Familie (Dutch for Family) is a Flemish television soap opera set in Mechelen. Created by Herman Verbaet, Familie was first broadcast on 30 December 1991. It has been broadcast consistently for 5-6 evenings per week, with only 2-3 month hiatuses during summer. It is currently being produced by Banijay Belgium and running on VTM.

Premise 
Pierre Van den Bossche and Anna Dierckx have raised three children. Their oldest son Guido is a bright student, eager to become a business mogul. His younger brother Jan and sister Rita are less gifted and often feel pushed back, but are nevertheless proud of their sibling. Once the children are starting their own family lives, shocking news arrives: Anna is pregnant again and Pierre has been diagnosed with a terminal disease. Pierre dies weeks before the birth of his daughter Marleen. Anna is devastated, but decides to stay strong.

Start of the series 
Anna still mourns her deceased husband Pierre, but as she is turning 65 years old she is also happy to see her children are all doing well. Marleen is now a young adult studying at a fashion academy. Guido has successfully founded the VDB Systems electronics company, is married to the eccentric Marie-Rose De Putter and has two children: Peter and Veronique. Jan also works for the company and married to Monique Stevens, he also has two children: Bart and Mieke. Rita has been struggling due to the death of her first son Paul, the illness of her second son Pierrot and the ongoing rivalry with her sister-in-law Marie-Rose, but manages to find happiness in her singing career and her husband Dirk Cockelaere.

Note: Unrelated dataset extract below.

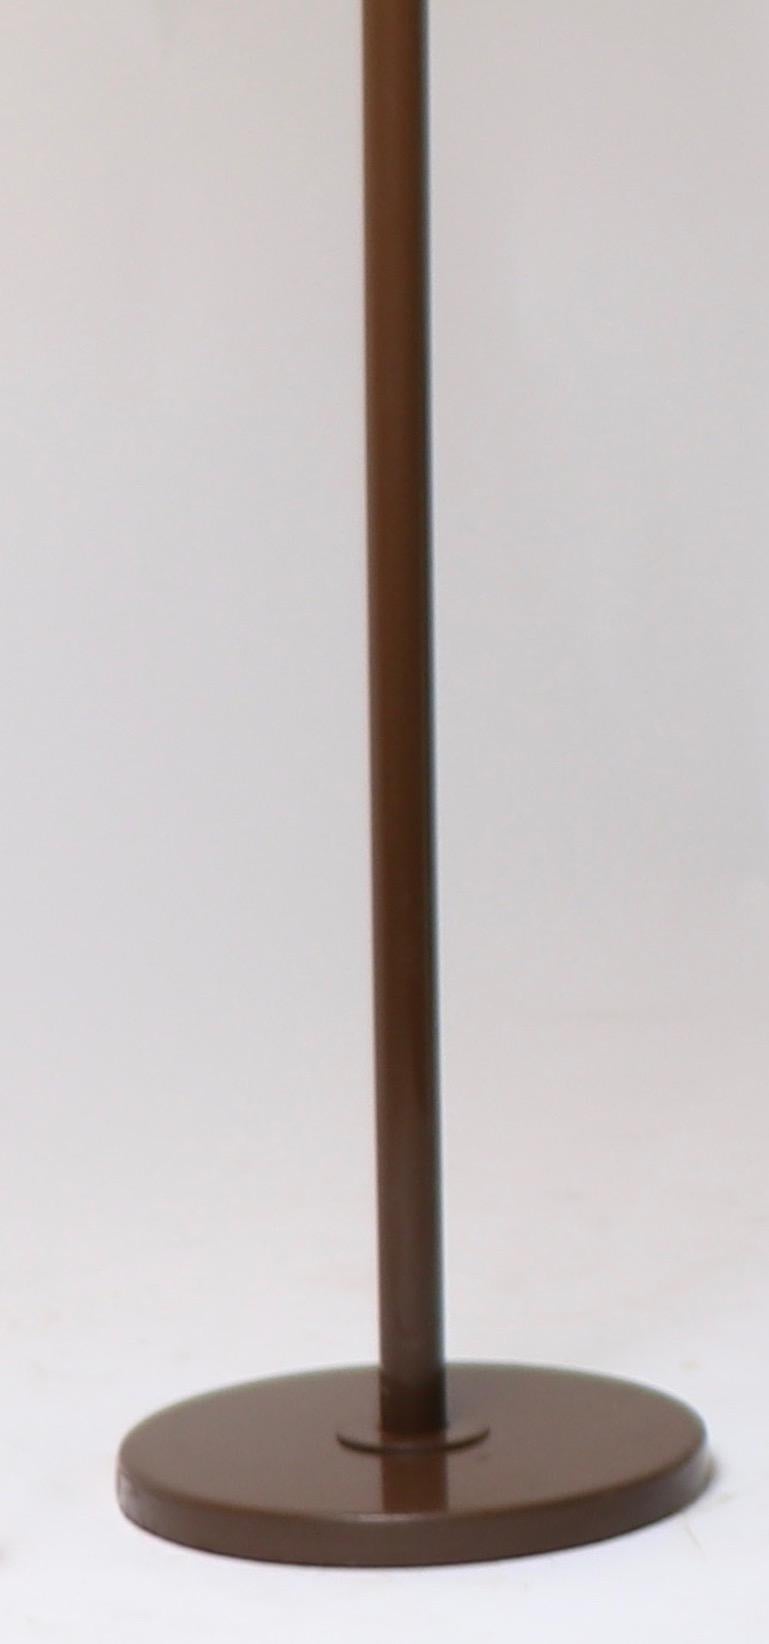 Mod Three-Light Floor Lamp Designed by Gerald Thurston for Lightolier 3
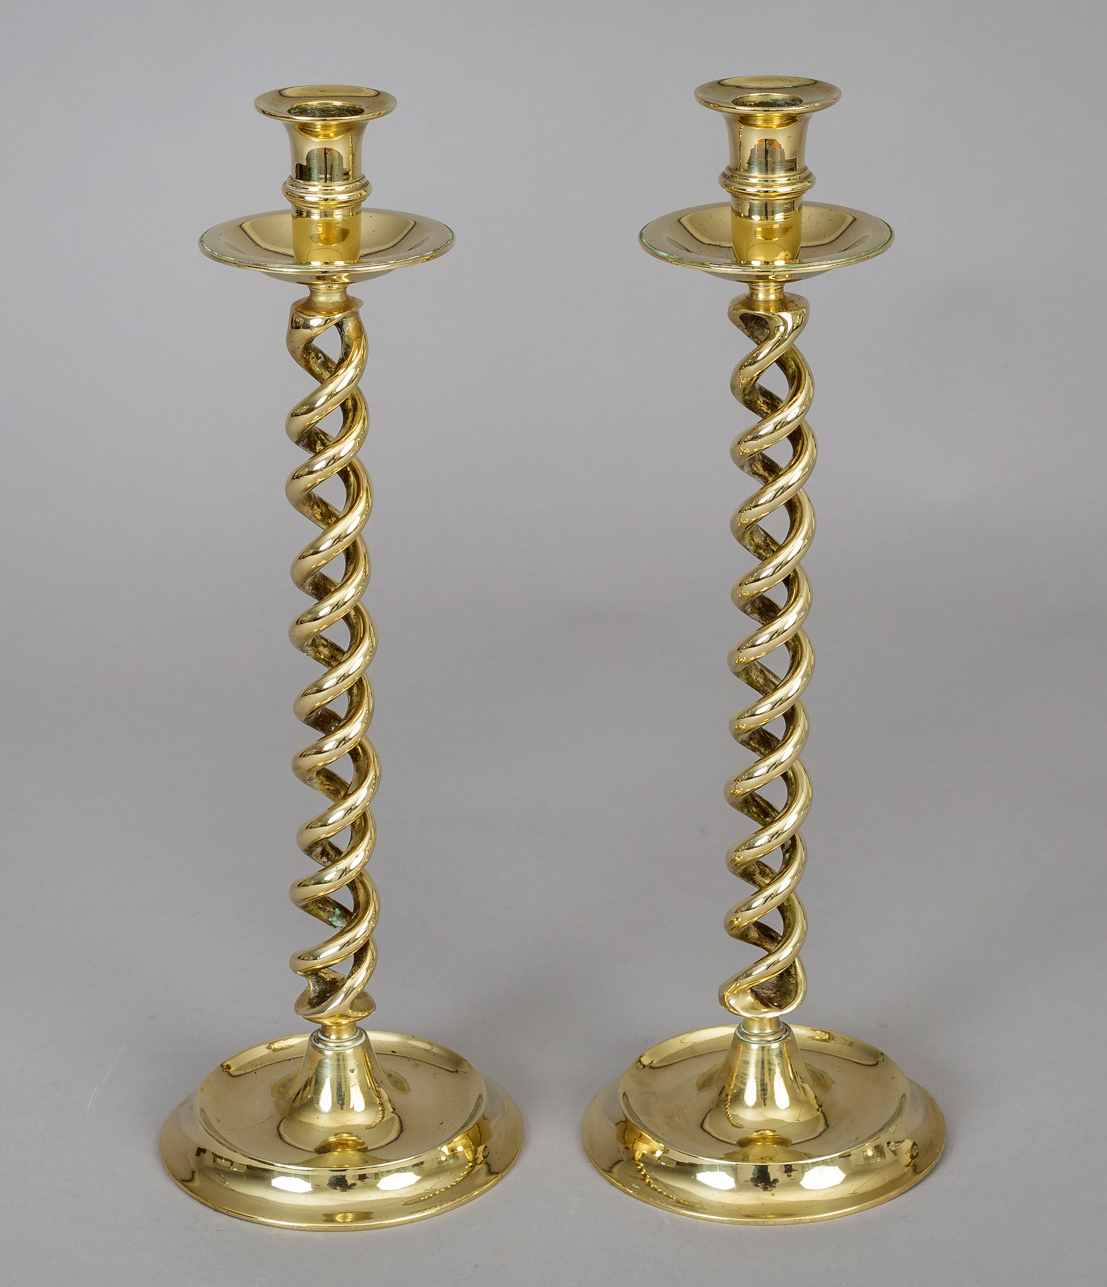 Heavy Antique English Brass Open Barley Twist Candlesticks C.1900, 83321

Development of the main characters 
Marleen marries school teacher Ben Van der Venne. When she turns out to be infertile, the couple enters a long adoption procedure. On the day little Lovely finally arrives, fate strikes as Marleen gets fatally hit by a car while crossing the street. Ben has a hard time raising Lovely as a single father, but gets close help of Anna and her new live companion Albert. Eventually, Ben signs on for a development project in Africa and takes Lovely with him, after which contact fades. Years later, grown up Lovely comes to spend a couple of years in Belgium and tells her family that Ben has died.

After losing another child, Rita starts suffering a severe alcohol addiction. Dirk leaves her while she is pregnant of their third child, causing Rita to have a mental breakdown and trying to murder Guido and Marie-Rose. Rita ends up in prison, where she gives birth to another son, which she calls Pierrot again. After being released, she marries fellow alcoholic Rob Gerrits, yet both help each other to get their lives back on track. The family embraces her again and keeps a close eye on her, but cannot prevent her from a handful returns to drinking, such as the one following her divorce from Rob. She eventually revives her music career by signing on as a singer and animator on sea cruises. Pierrot grows up to be a very socially committed young man. After a failed career as a street worker, he moves to South America as a development aid.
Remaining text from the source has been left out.